VERTEX PHARMACEUTICALS INCORPORATED
Notes to Condensed Consolidated Financial Statements
(unaudited)
CRISPR Therapeutics AG
In October 2015, the Company entered into a strategic collaboration, option and license agreement (the "CRISPR Agreement") with CRISPR Therapeutics AG and its affiliates ("CRISPR") to collaborate on the discovery and development of potential new treatments aimed at the underlying genetic causes of human diseases using CRISPR-Cas9 gene editing technology. The Company has the exclusive right to license up to six CRISPR-Cas9-based targets. In connection with the CRISPR Agreement, the Company made an upfront payment to CRISPR of $75.0 million and a $30.0 million investment in CRISPR pursuant to a convertible loan agreement that converted into preferred stock in January 2016. The Company expensed $75.0 million to research and development, and the $30.0 million investment was recorded at cost and is classified as a long-term asset on the Company’s condensed consolidated balance sheet. In the second quarter of 2016, the Company made an additional preferred stock investment in CRISPR of approximately $3.1 million. In connection with CRISPR's initial public offering in October 2016, the Company made an additional $10 million common share investment in CRISPR and the Company's preferred stock investment in CRISPR converted into common shares.

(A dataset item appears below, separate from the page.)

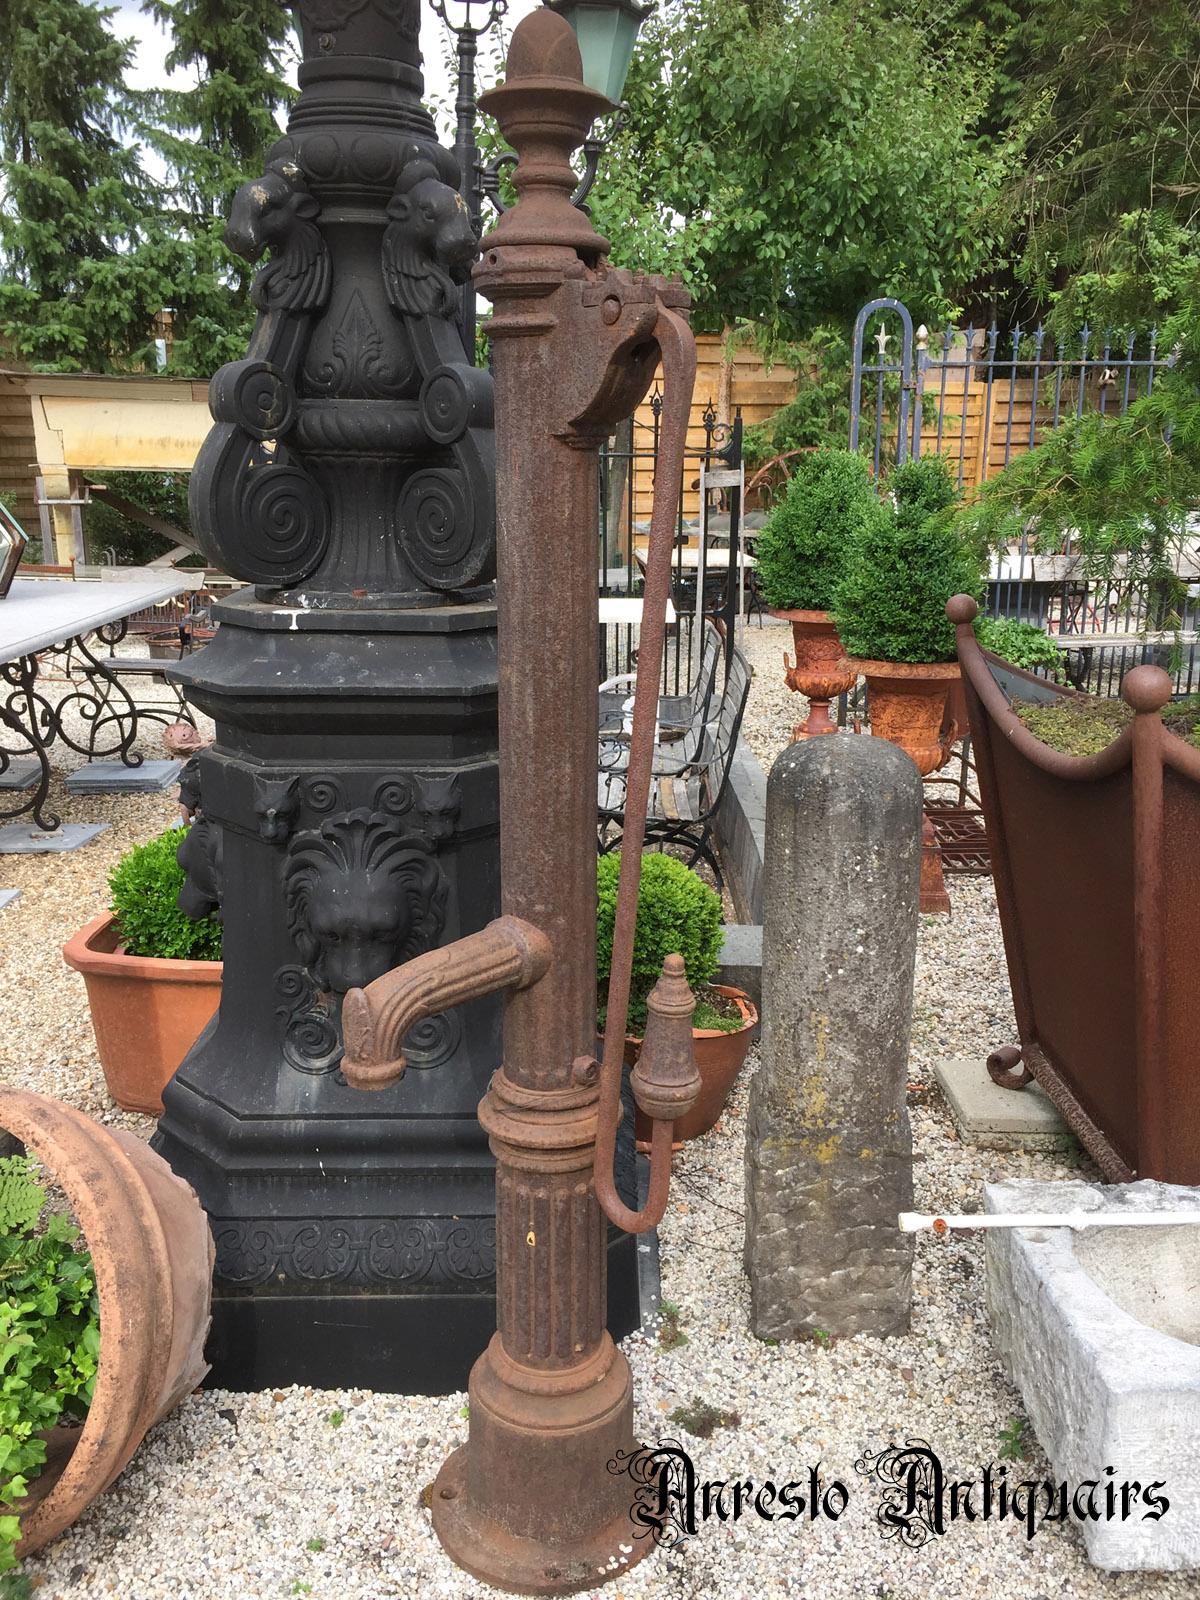 Ref. 83 – Antieke Ardeense gietijzeren stadspomp, oude ijzeren waterpomp foto 1

The Company will fund all of the discovery activities conducted pursuant to the CRISPR Agreement. For potential hemoglobinapathy treatments, including treatments for sickle cell disease, the Company and CRISPR will share equally all research and development costs and worldwide revenues. For other targets that the Company elects to license, the Company would lead all development and global commercialization activities. For each of up to six targets that the Company elects to license, other than hemoglobinapathy targets, CRISPR has the potential to receive up to $420.0 million in development, regulatory and commercial milestones and royalties on net product sales.
The Company may terminate the CRISPR Agreement upon 90 days’ notice to CRISPR prior to any product receiving marketing approval or upon 270 days’ notice after a product has received marketing approval. The CRISPR Agreement also may be terminated by either party for a material breach by the other, subject to notice and cure provisions. Unless earlier terminated, the CRISPR Agreement will continue in effect until the expiration of the Company's payment obligations under the CRISPR Agreement.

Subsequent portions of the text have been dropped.